Стоит отметить, что усердная подготовка игроков не заставила ждать своих результатов. Бейсбольная команда Лимы, разгромив несколько команд в пух и прах, удивила и своих противников и администрацию клиники. Последние безмерно радовались внезапным и убедительным победам своей команды.
Одним из ключевых моментов плана было обеспечение контроля главного коридора безопасности, который скрывал фреску длиной тридцать метров. Томми попросил помощи у Ленни Кэмпбелла, так как тот знал об этом больше, чем он об электричестве. Ленни показал ему, как повернуть в обратную сторону электропитание решеток.
Кабель распределительной коробки, питанием 2300 вольт, проходил по потолку комнаты отдыха до рубильников, через которые охрана контролировала двери. Под предлогом ремонта подоконников, Ленни и Томми открыли коробку, подключили пару кабелей батареи к выключателю, затем, проверив питание, скрутили оставшийся кабель и закрыли коробку.
Кэмпбелл назвал их с Томми операцию: «Электрические угри». По плану, когда сотрудники безопасности будут заходить в коридор, два пациента бросятся в противоположный коридор. Когда служба безопасности заполнит коридор, Ленни начнет операцию «Электрические угри», закрыв внешнюю решетку. Он доберется до коробки, схватит кабели и подключит их к решеткам на воротах и к проволочной сетке.
— Всякий, кто тронет дверь с той или другой стороны окажется на электрическом стуле — заявил Ленни.
— А если они отключат основное питание? — спросил Томми.
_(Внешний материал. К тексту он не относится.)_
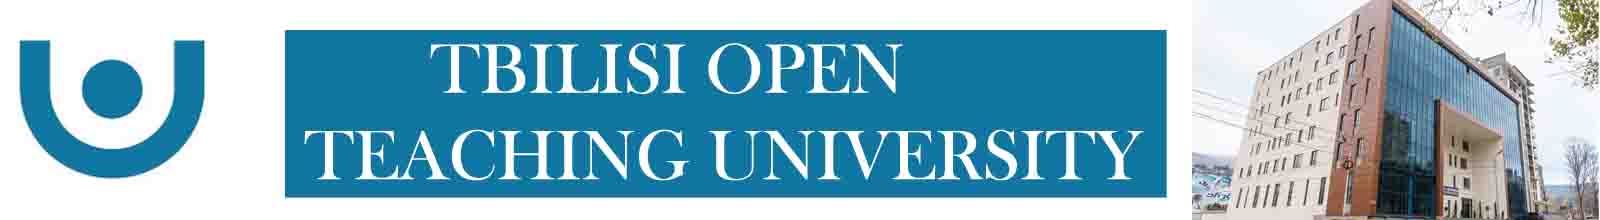 tbilisi open teaching university
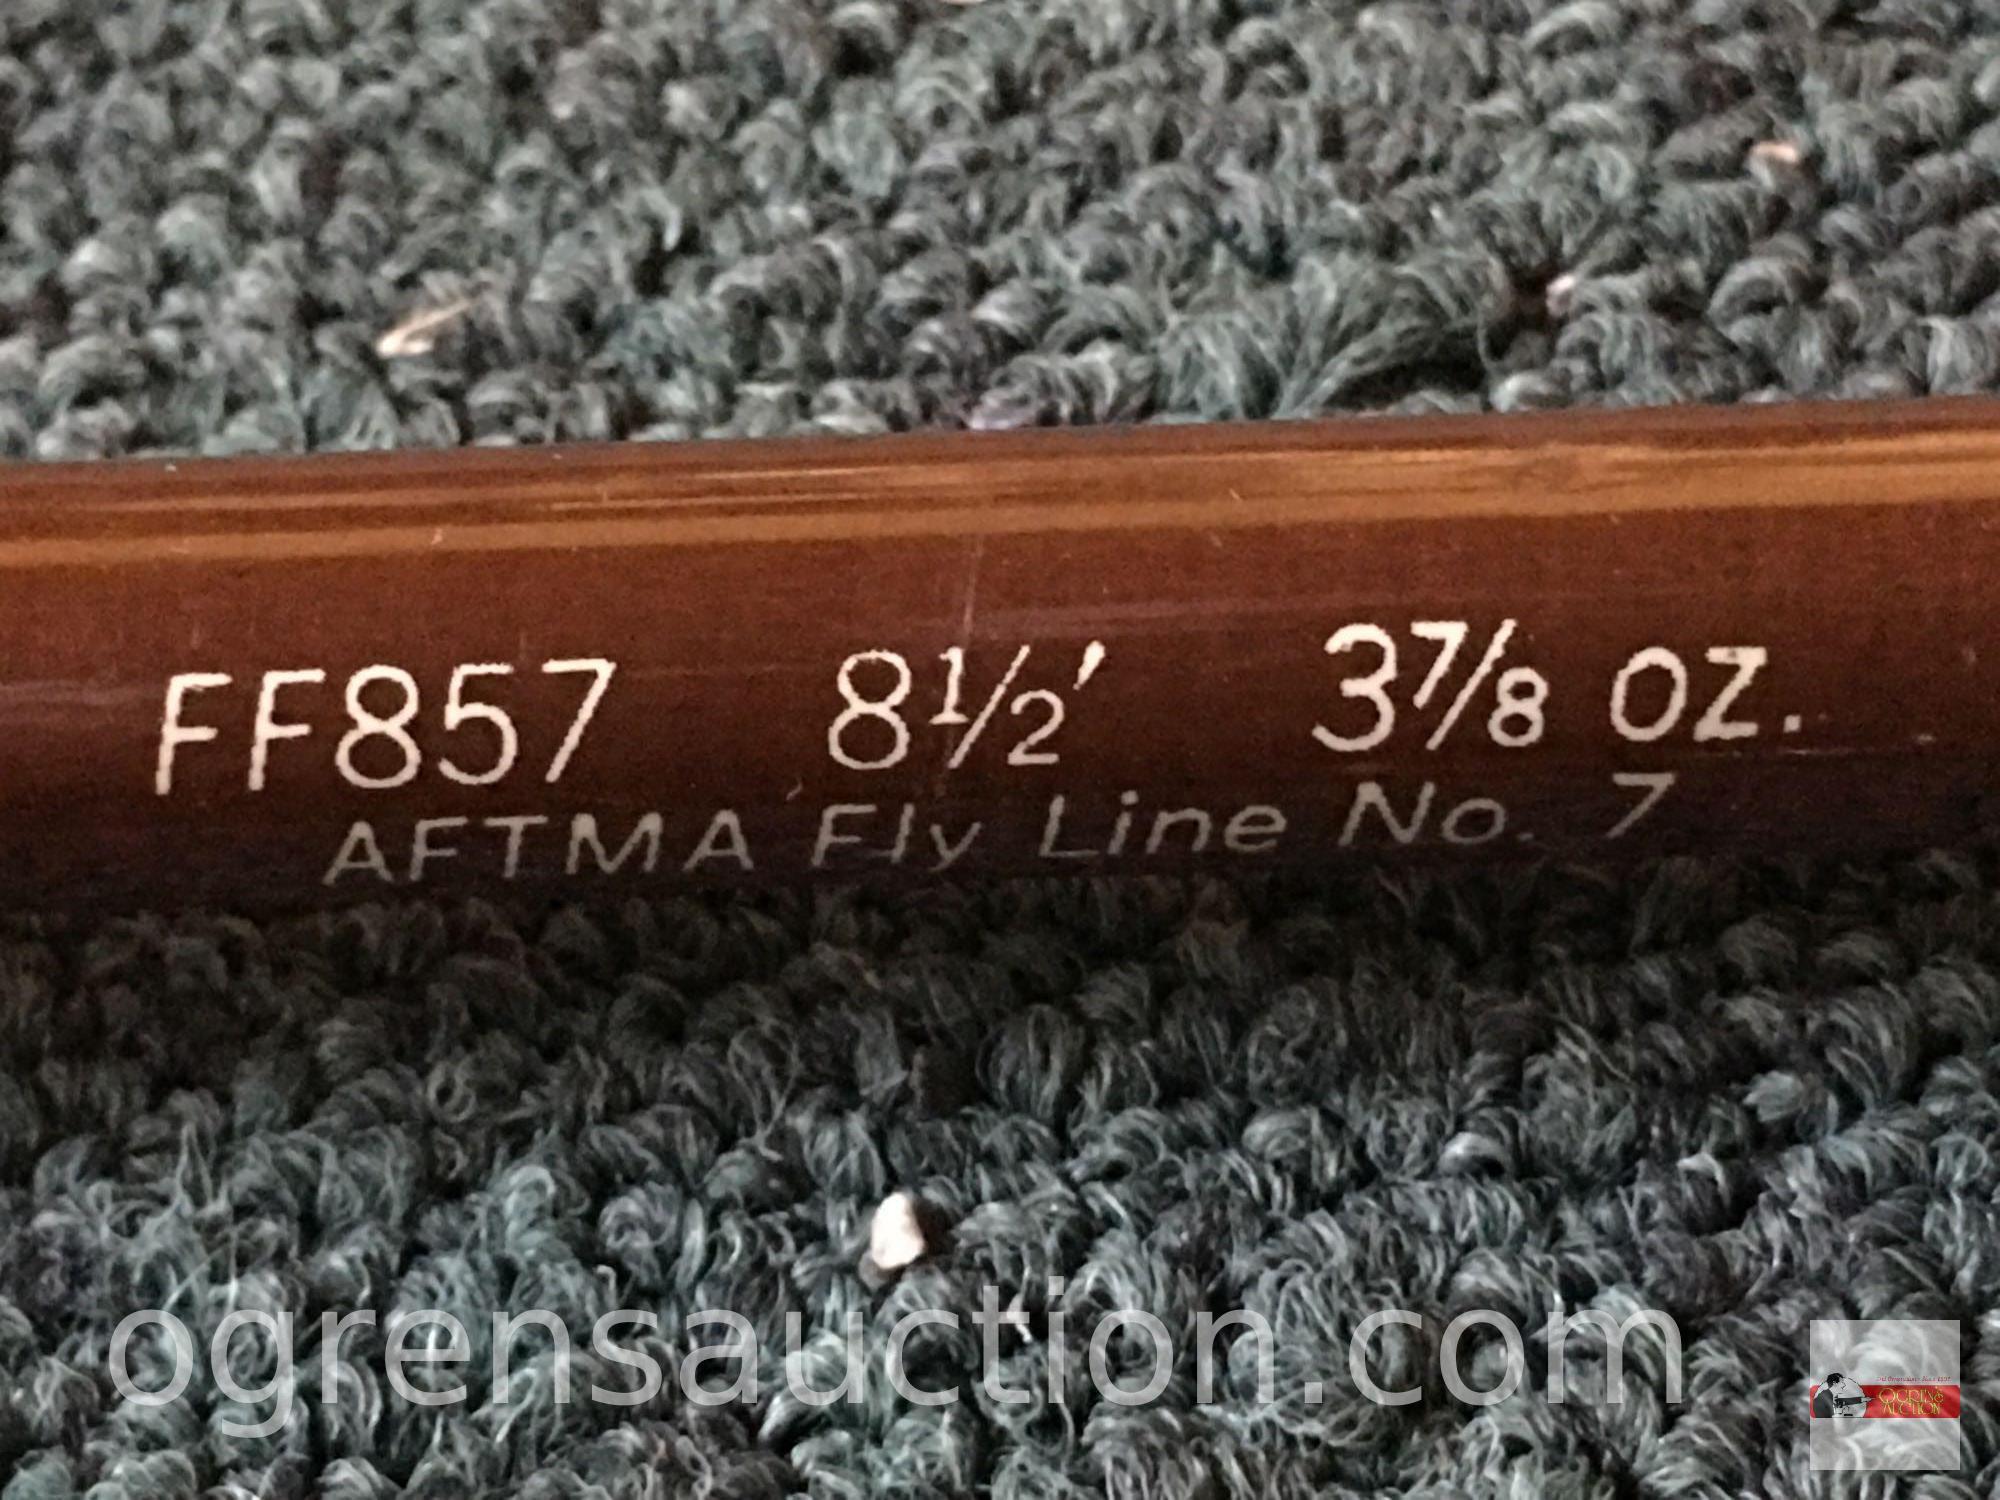 Fishing - Fly Rod - Fenwick 2 pc. Fiberglass Model #M 201136, 8'6" 3 7/8oz

— Это мало что изменит — усмехнулся Кэмпбелл. — Даже если они додумаются это сделать, через несколько секунд включатся резервные генераторы. Эта операция имеет решающее значение для нас, потому что остановка противника даст нам время установить на позициях другое оружие.
Зак предложил разлить в коридоре смесь из бензина, масла и скипидара, чтобы предотвратить использование динамита охранниками. Эта же смесь, разлитая на ступеньках лестницы замедлит продвижение охраны: им нужно будет передвигаться и действовать крайне осторожно, чтобы не допустить возгорания.
Еще одну операцию назвали «Кислотный дождь». Томми изучил систему пожаротушения мастерской до места. Используя шум работающих машин, заговорщики пробили бетон, перекрыли подачу воды, и наполнили пульверизаторы серной кислотой, взятой из типографии.